Task item:
Give back all of the data exactly as it stands, with the pictures removed.

Data below:
○ ○ ○ ○ ○
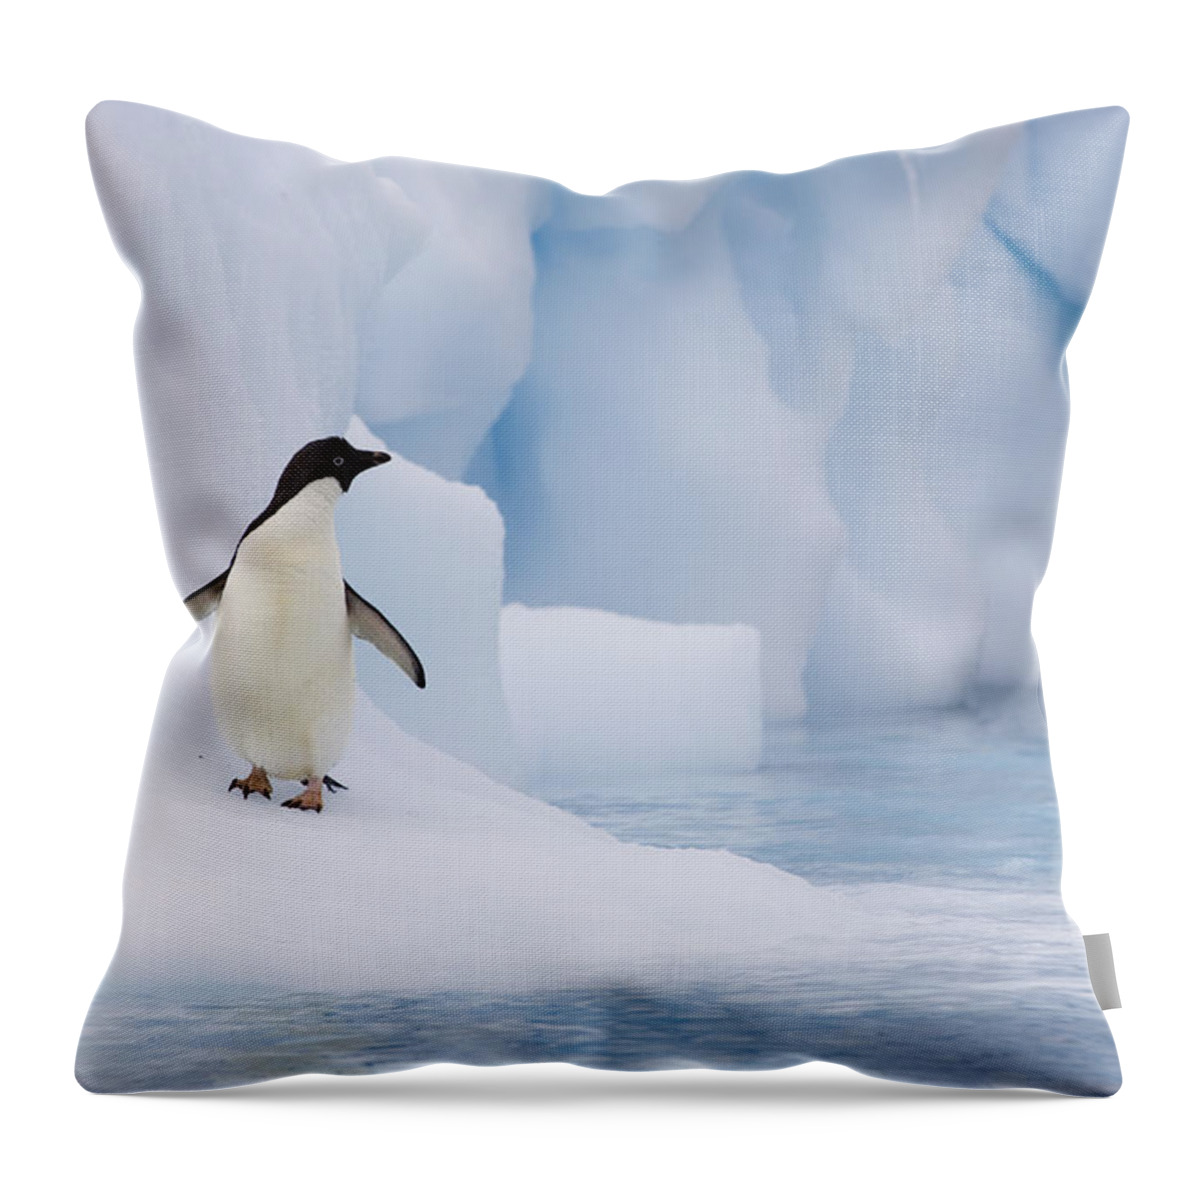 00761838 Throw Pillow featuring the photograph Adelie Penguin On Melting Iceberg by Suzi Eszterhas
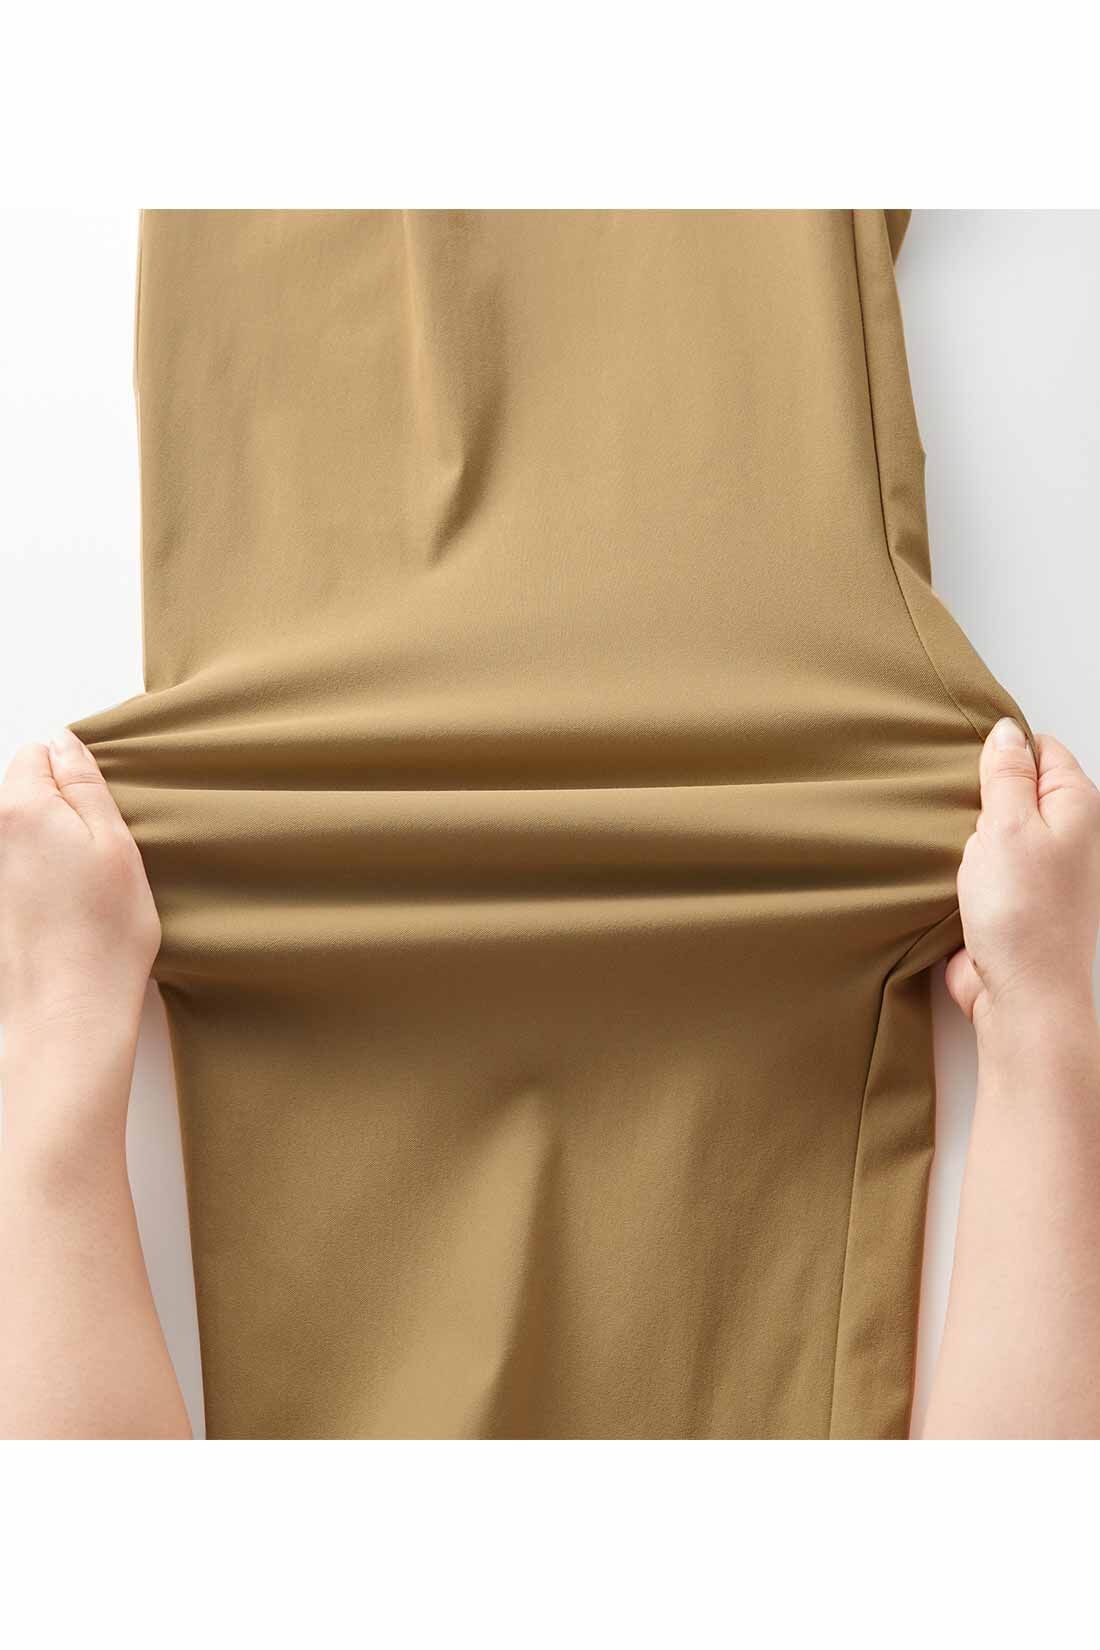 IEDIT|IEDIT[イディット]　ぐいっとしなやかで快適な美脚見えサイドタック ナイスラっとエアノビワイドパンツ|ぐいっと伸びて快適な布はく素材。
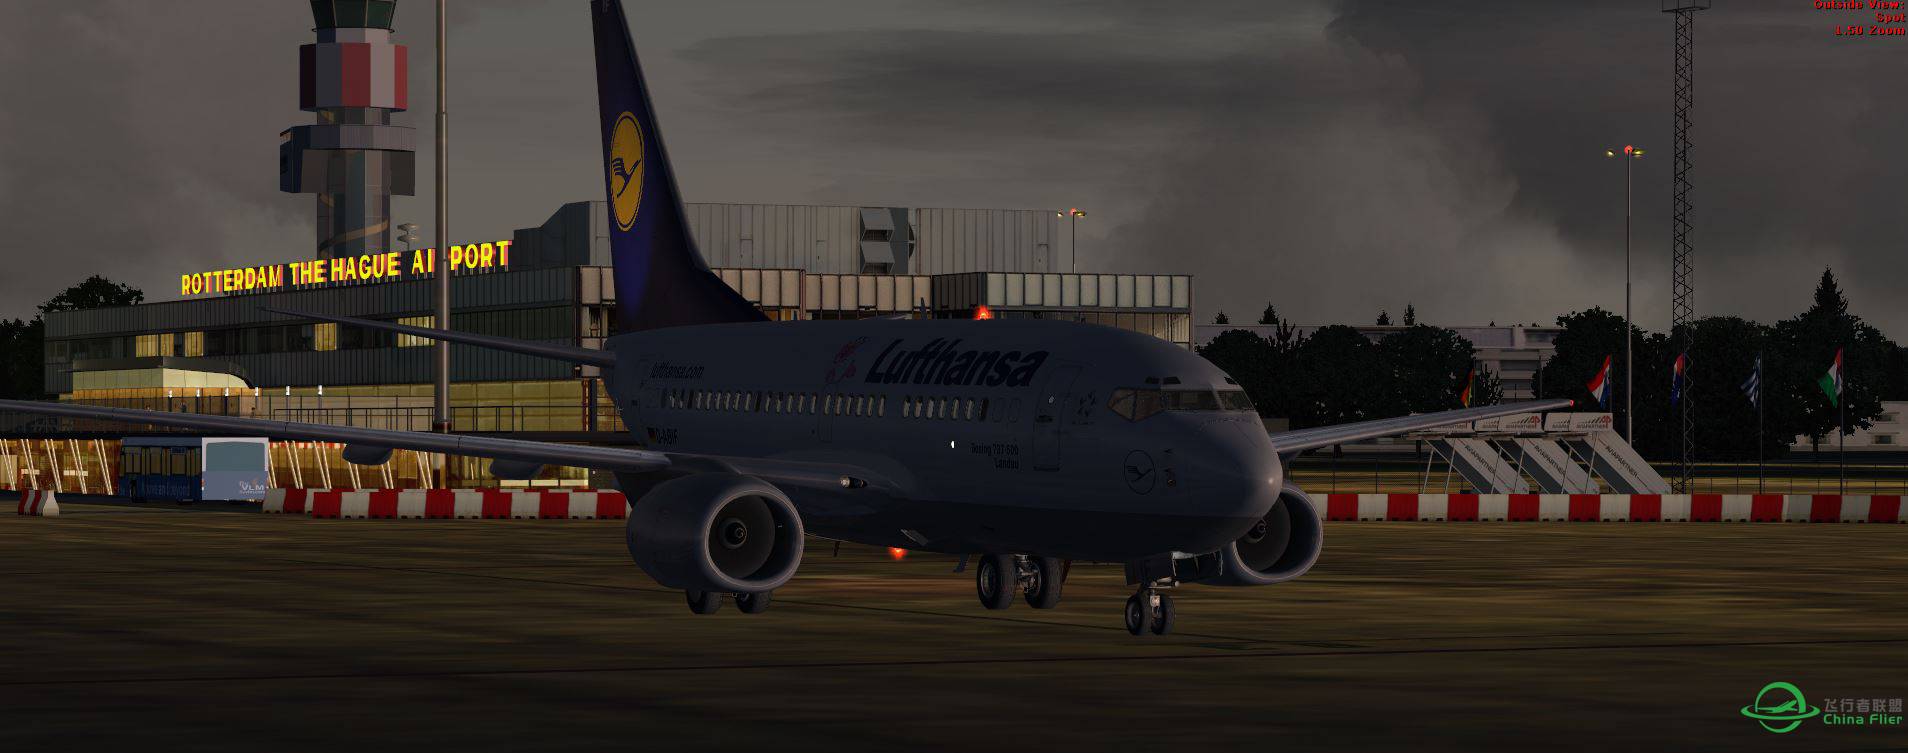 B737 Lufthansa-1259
○ ○ ○ ○ ○
Solution:
 00761838 Throw Pillow featuring the photograph Adelie Penguin On Melting Iceberg by Suzi Eszterhas
 IEDIT|IEDIT[イディット]　ぐいっとしなやかで快適な美脚見えサイドタック ナイスラっとエアノビワイドパンツ|ぐいっと伸びて快適な布はく素材。
 B737 Lufthansa-1259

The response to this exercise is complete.